ACTIVITY:
Excluding images, repeat the data exactly as given.

STORED DATA:
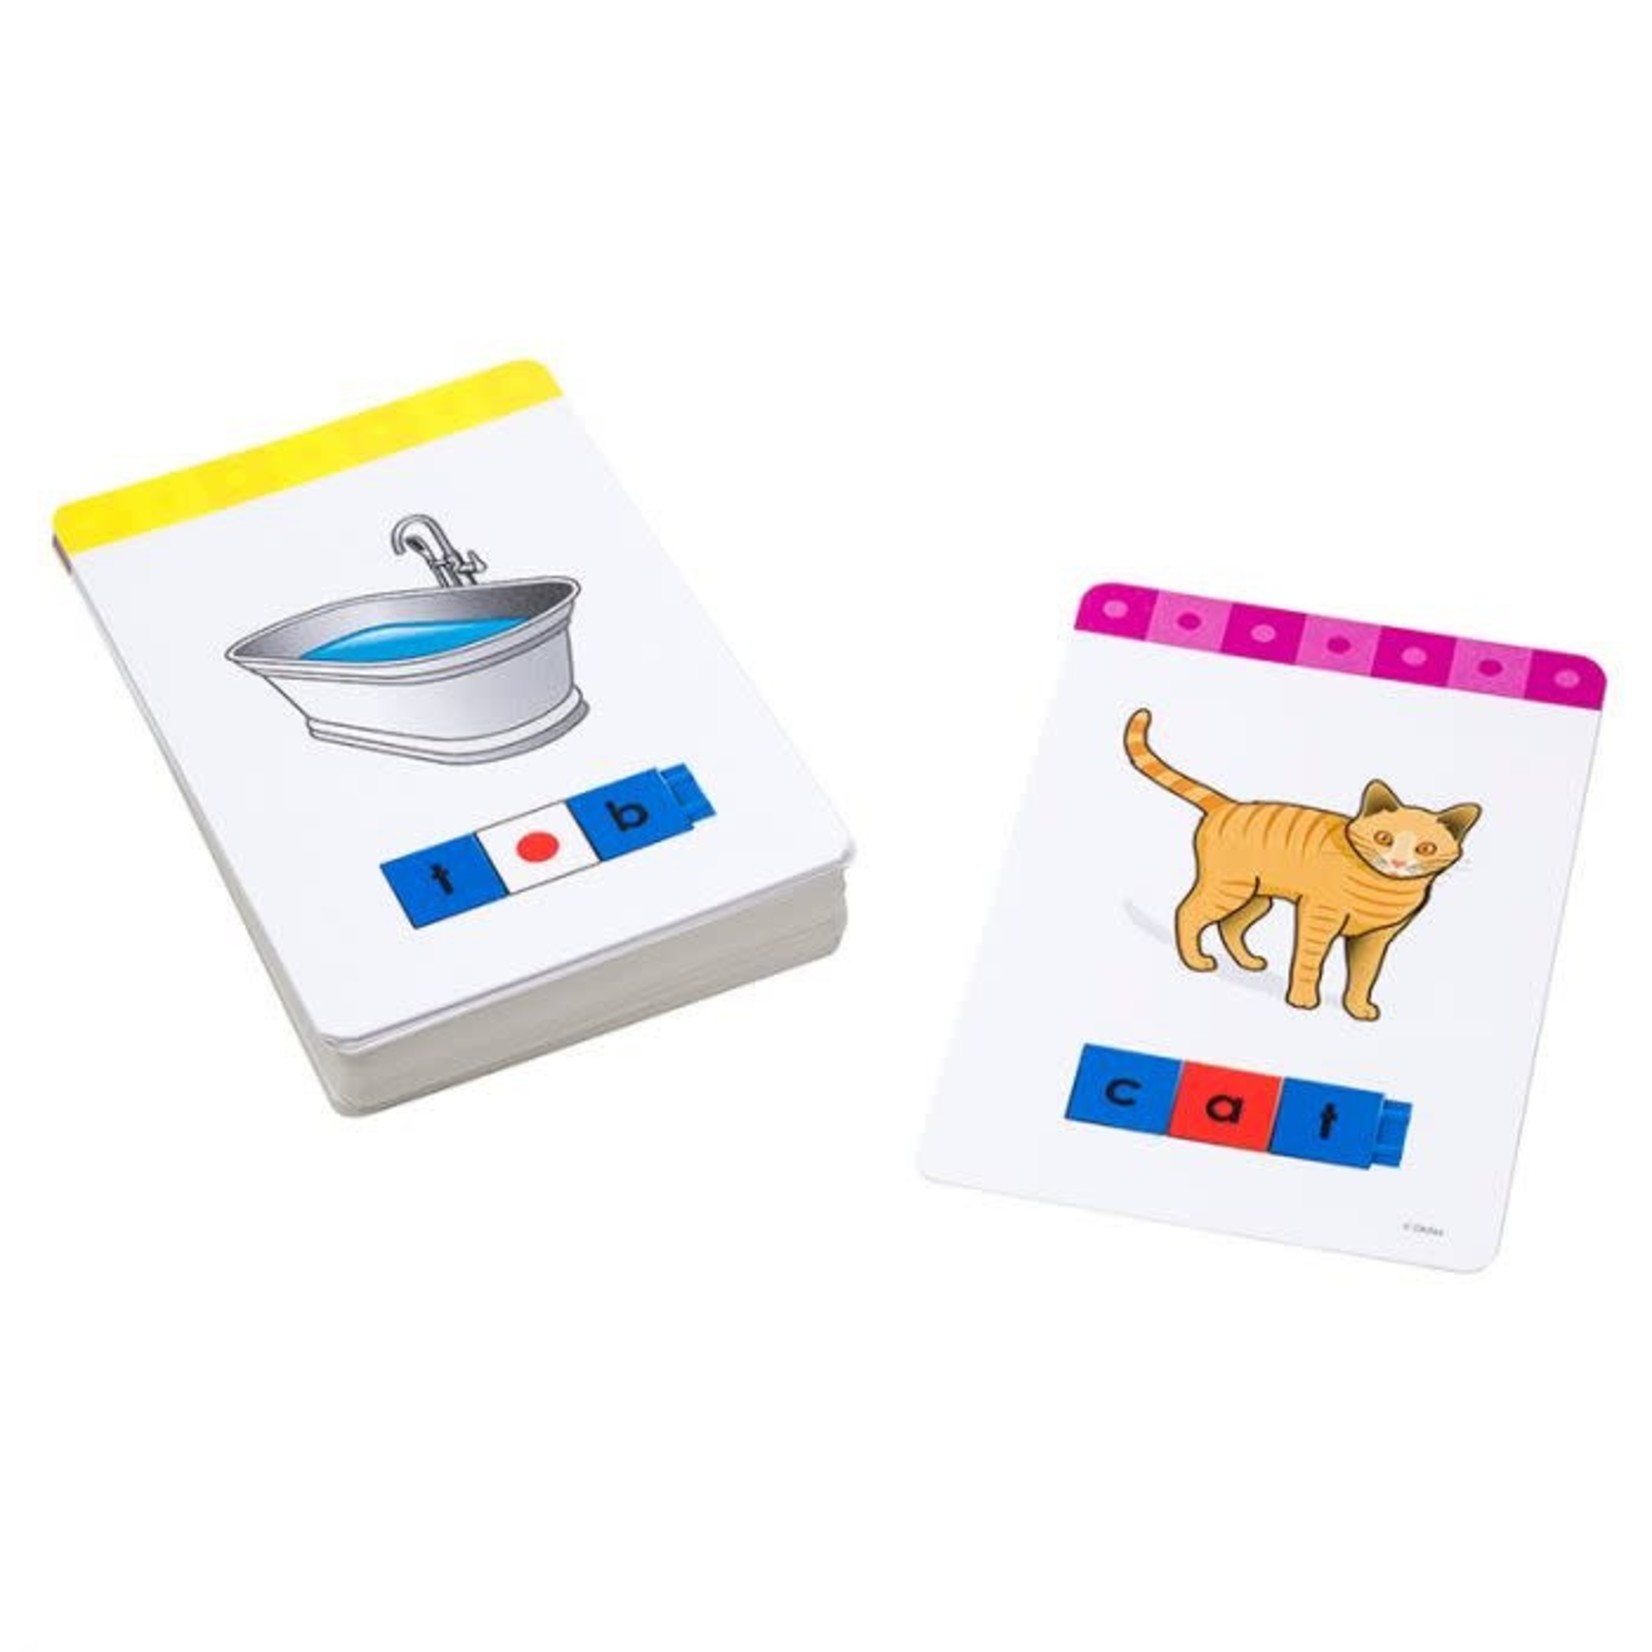 Unifix Reading: Early Phonics Word-Building Cards
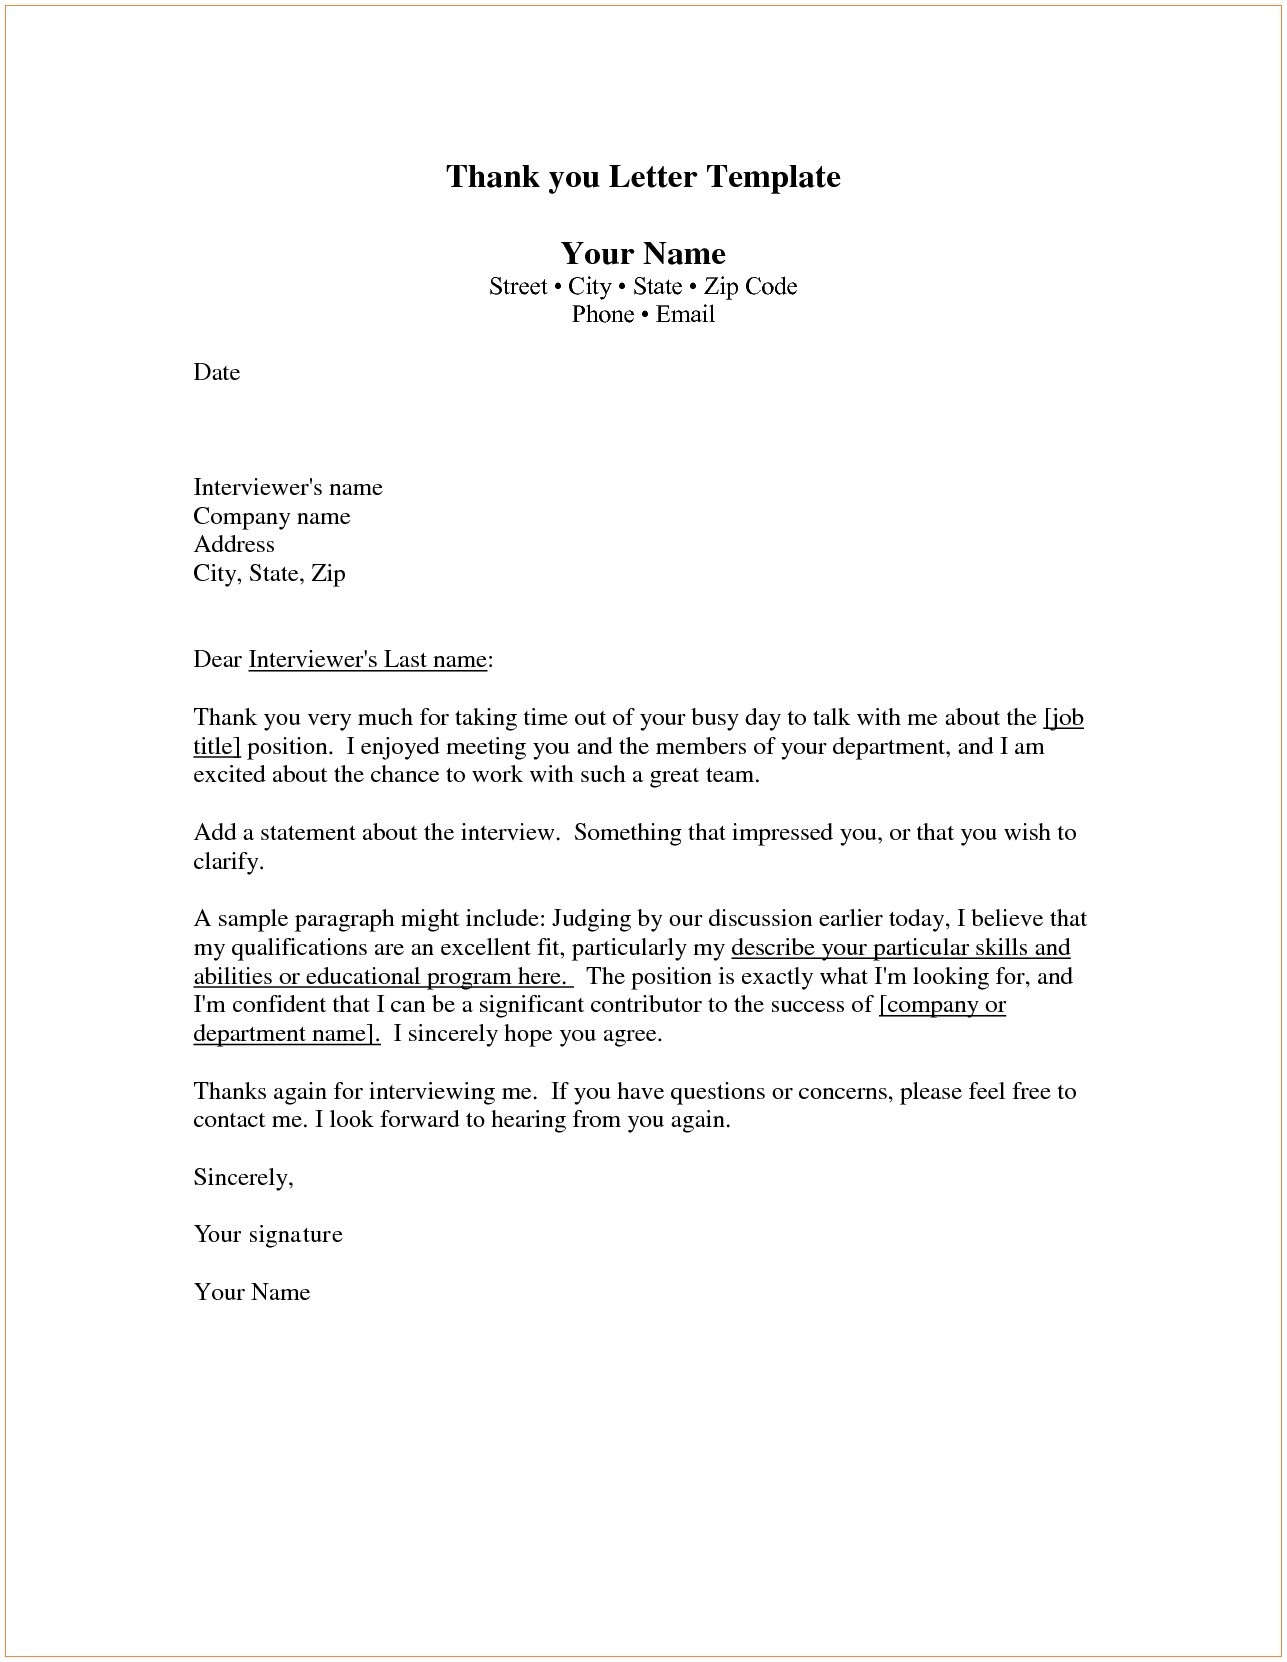 Thank You Letter Business Template - Thank You for Your Business Letter Template Save Http Jobsearch
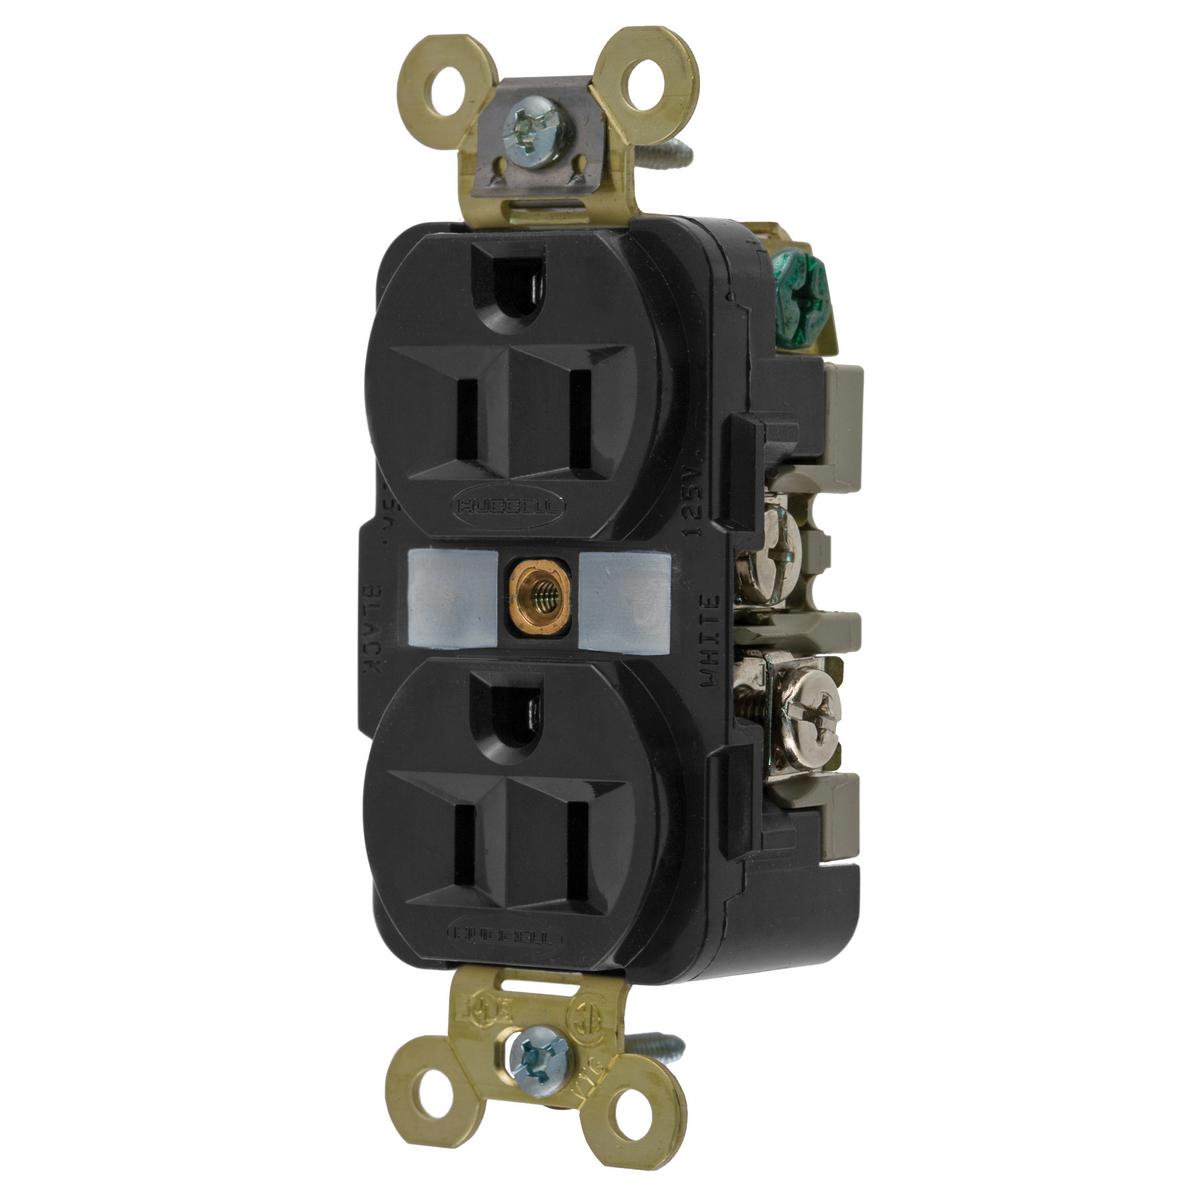 Hubbell HBL5262BK Straight Blade Devices, Receptacles, Duplex, Industrial Grade, 2-Pole 3-Wire Grounding, 15A 125V, 5-15R, Black, Single Pack.  ; Back wired ground terminal allows faster, easier installation ; One-piece brass integral ground strap ; Finder Groove Face ; De

REPLY:
 Unifix Reading: Early Phonics Word-Building Cards
 Thank You Letter Business Template - Thank You for Your Business Letter Template Save Http Jobsearch
 Hubbell HBL5262BK Straight Blade Devices, Receptacles, Duplex, Industrial Grade, 2-Pole 3-Wire Grounding, 15A 125V, 5-15R, Black, Single Pack.  ; Back wired ground terminal allows faster, easier installation ; One-piece brass integral ground strap ; Finder Groove Face ; De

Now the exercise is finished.